Queen's speech was a missed opportunity

Monday, November 30, 2009, 18:37

THE Queen's speech left out any measures to restore people's confidence in British politics.

After a summer of duck houses, moat cleaning and second home flipping, Parliament should be devoted to addressing our failed political system in the short time it has left to run. Instead, Gordon Brown obliged the Monarch to mouth empty promises of Bills that will never make it to the statute book.
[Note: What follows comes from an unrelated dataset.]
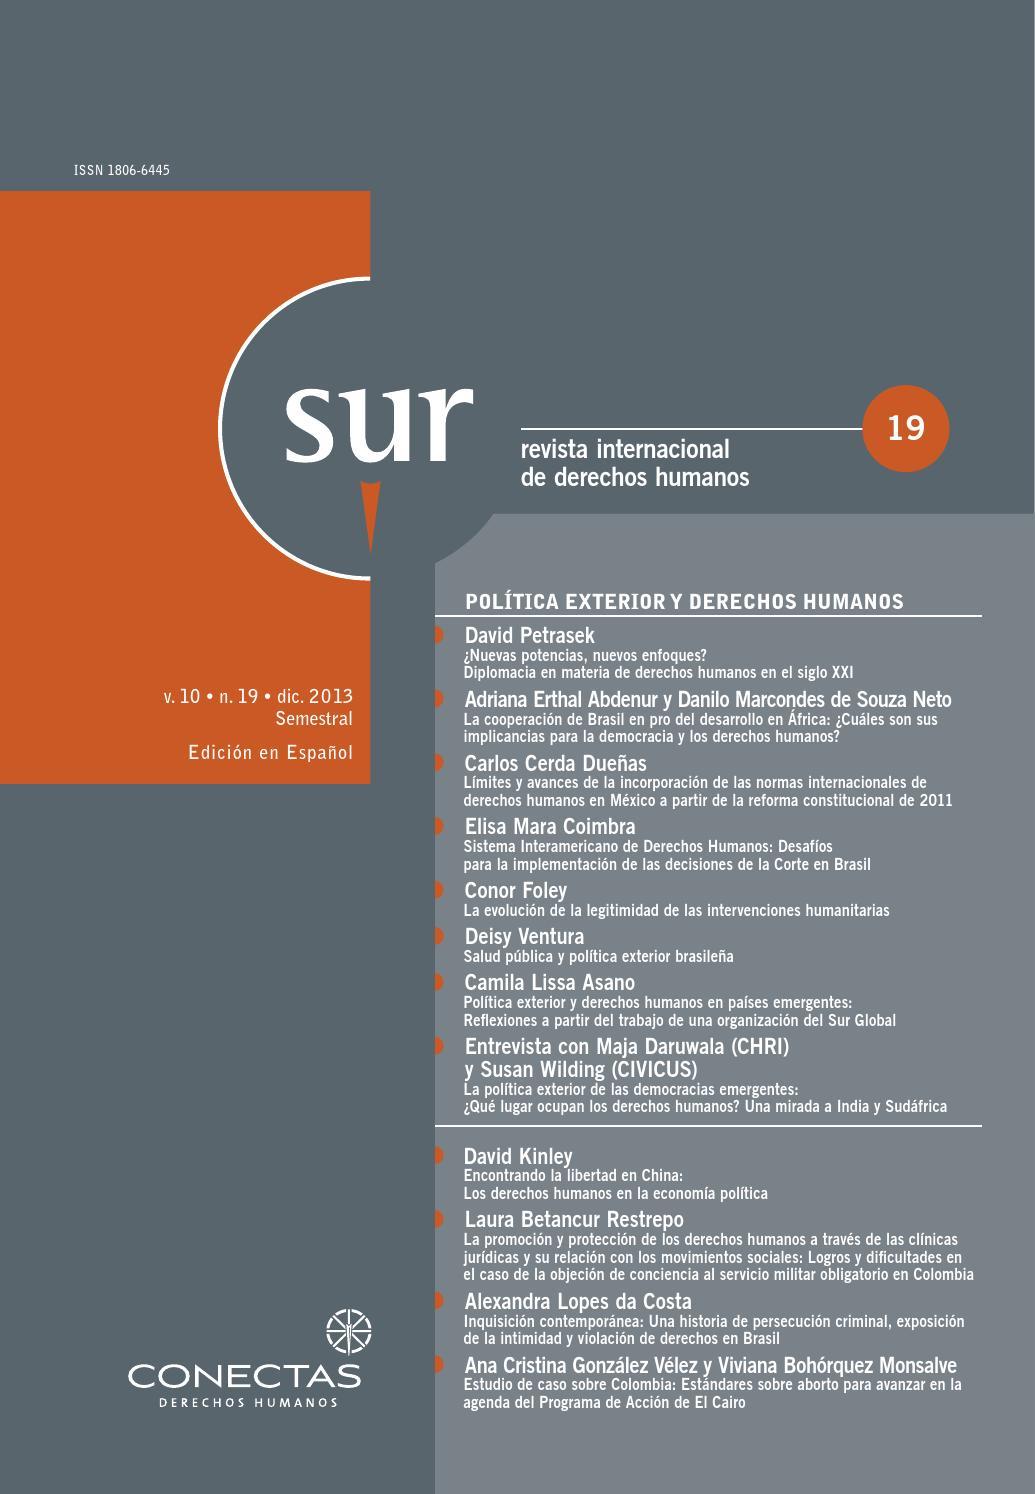 SUR 19 Español by Conectas Direitos Humanos - issuu

It was a fantasy programme from a government that has run out of road in a Parliament that has lost people's trust.

The Liberal Democrats would have implemented an emergency programme of political reform which would change our politics for good by reforming of the House of Lords and party funding, and introducing fixed-term parliaments and, above all, fair votes.

Our current voting system has given overwhelming power to minority and secretive Tory and Labour governments over many years and the House of Commons is incapable of holding the executive to account.

Fair votes, however, would make every constituency a marginal one: there would be no more safe seats, where MPs take the voters for granted. Indeed, every vote would have equal value across the country, so the result of the General Election next year would be determined by not just a few thousand voters in 100 or so marginal seats, but by the whole electorate. The decline in turnout would be reversed.

More than anything, fair votes would put power in Britain back in the hands of the people, rather than the government and whips in Westminster.

Brown's government just isn't prepared to clean up our politics. It is clearer than ever that only the Lib Dems are prepared to do that, and to bring real change to Britain.